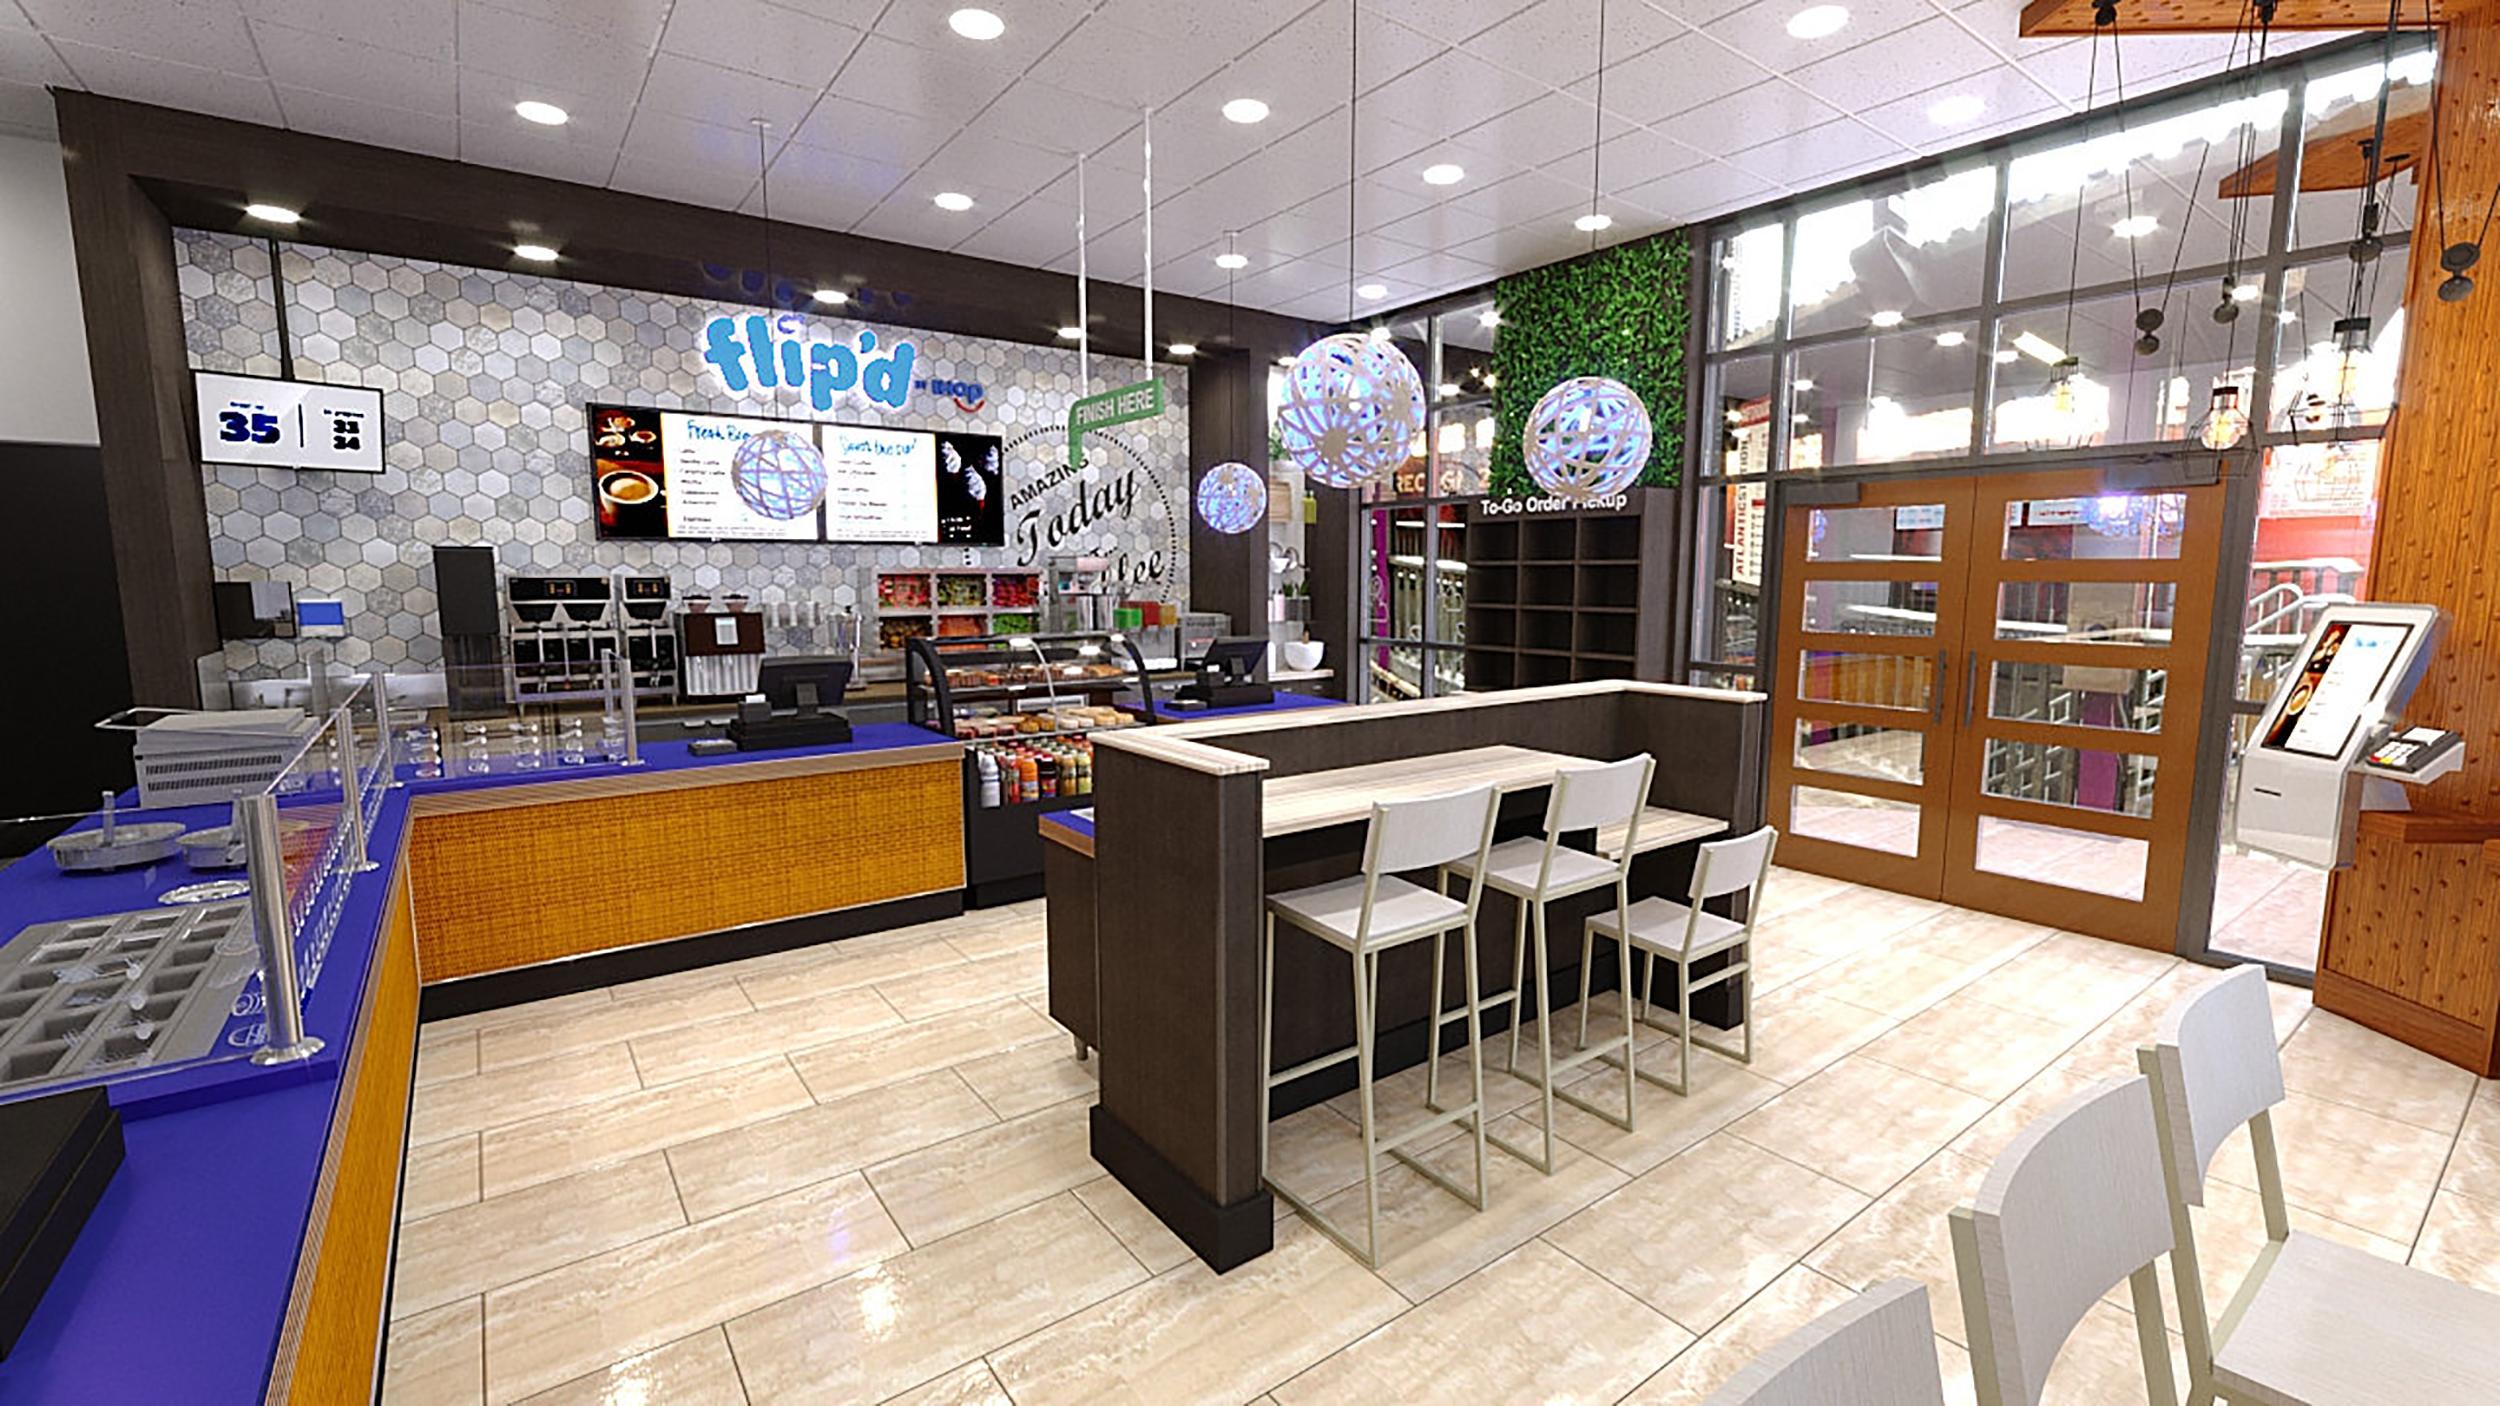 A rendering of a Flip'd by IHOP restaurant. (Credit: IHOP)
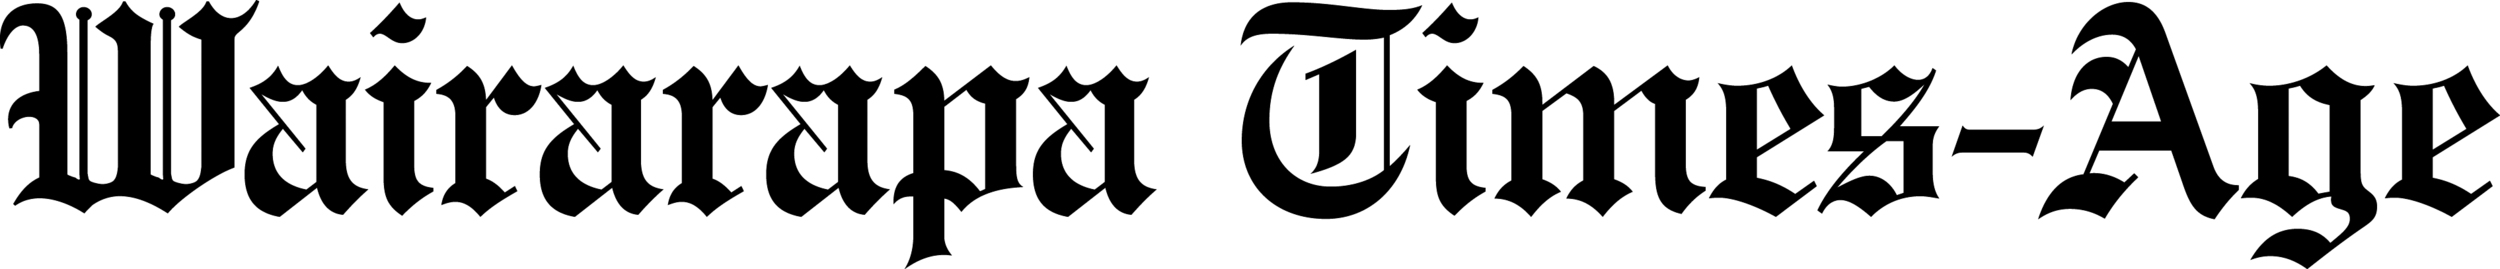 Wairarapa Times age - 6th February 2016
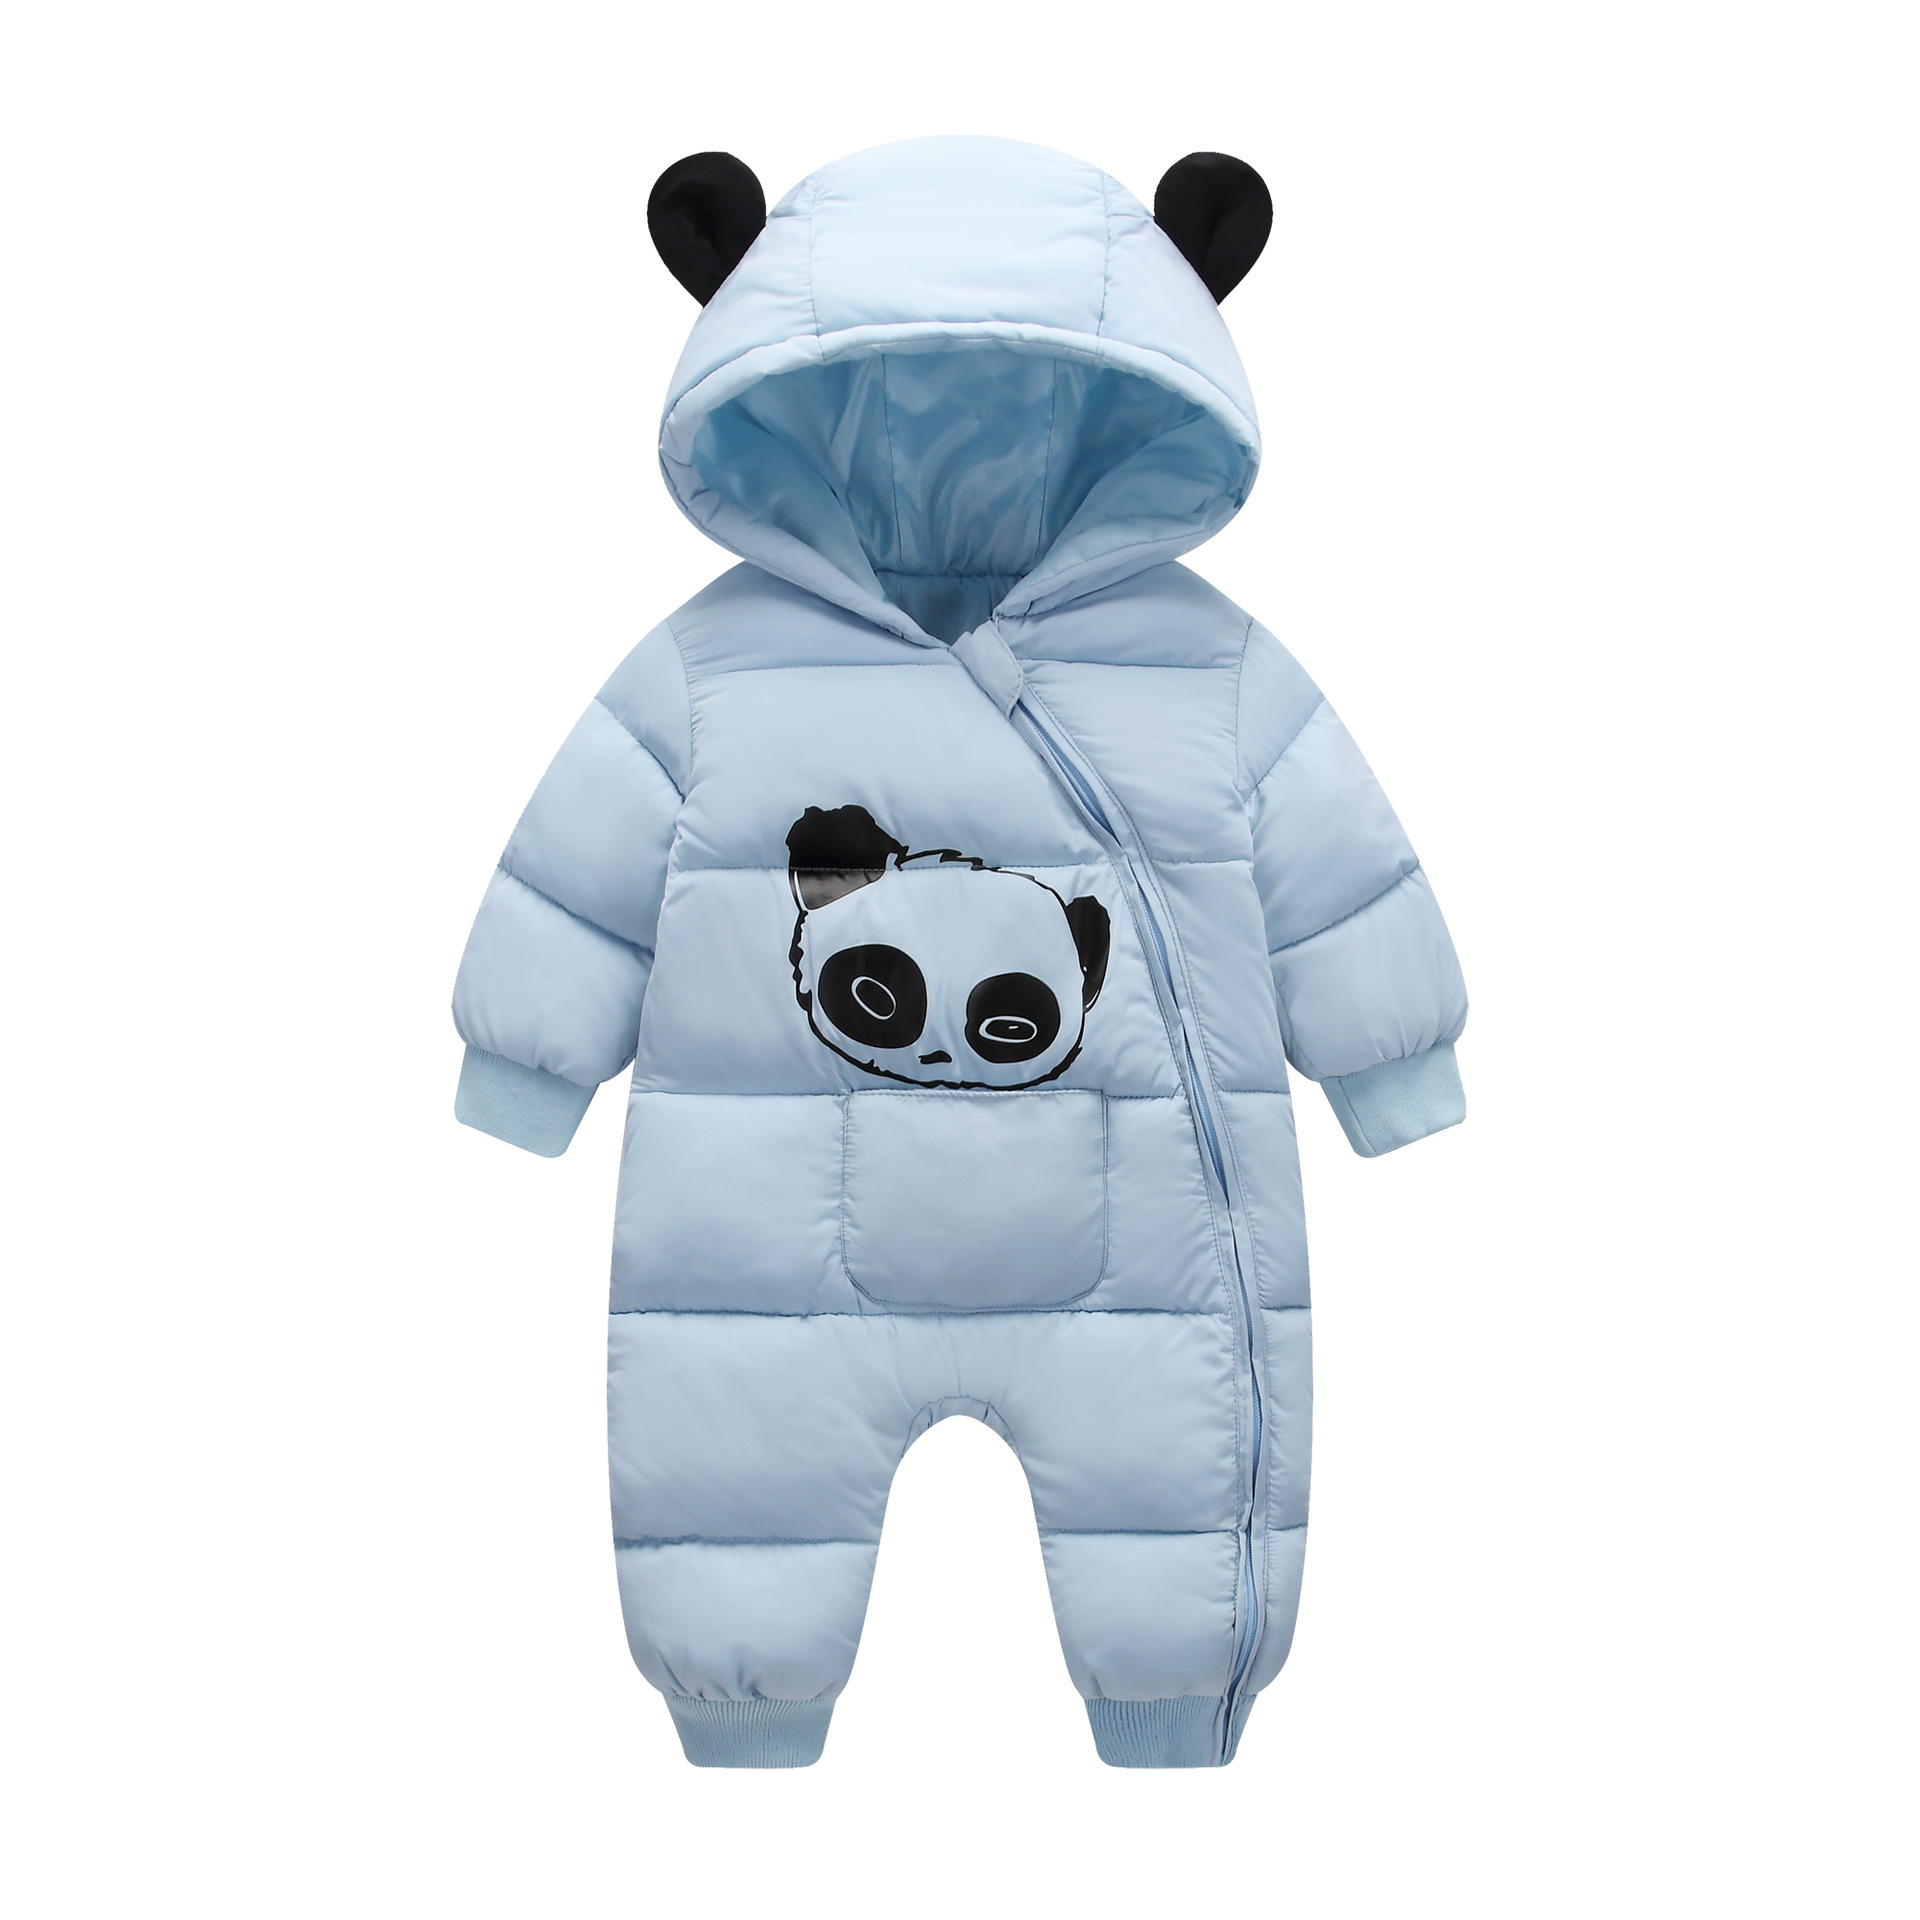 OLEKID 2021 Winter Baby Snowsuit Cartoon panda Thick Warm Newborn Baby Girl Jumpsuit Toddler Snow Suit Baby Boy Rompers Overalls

Task requirements:
Restate the data word for word without pictures.

Answer:
 A rendering of a Flip'd by IHOP restaurant. (Credit: IHOP)
 Wairarapa Times age - 6th February 2016
 OLEKID 2021 Winter Baby Snowsuit Cartoon panda Thick Warm Newborn Baby Girl Jumpsuit Toddler Snow Suit Baby Boy Rompers Overalls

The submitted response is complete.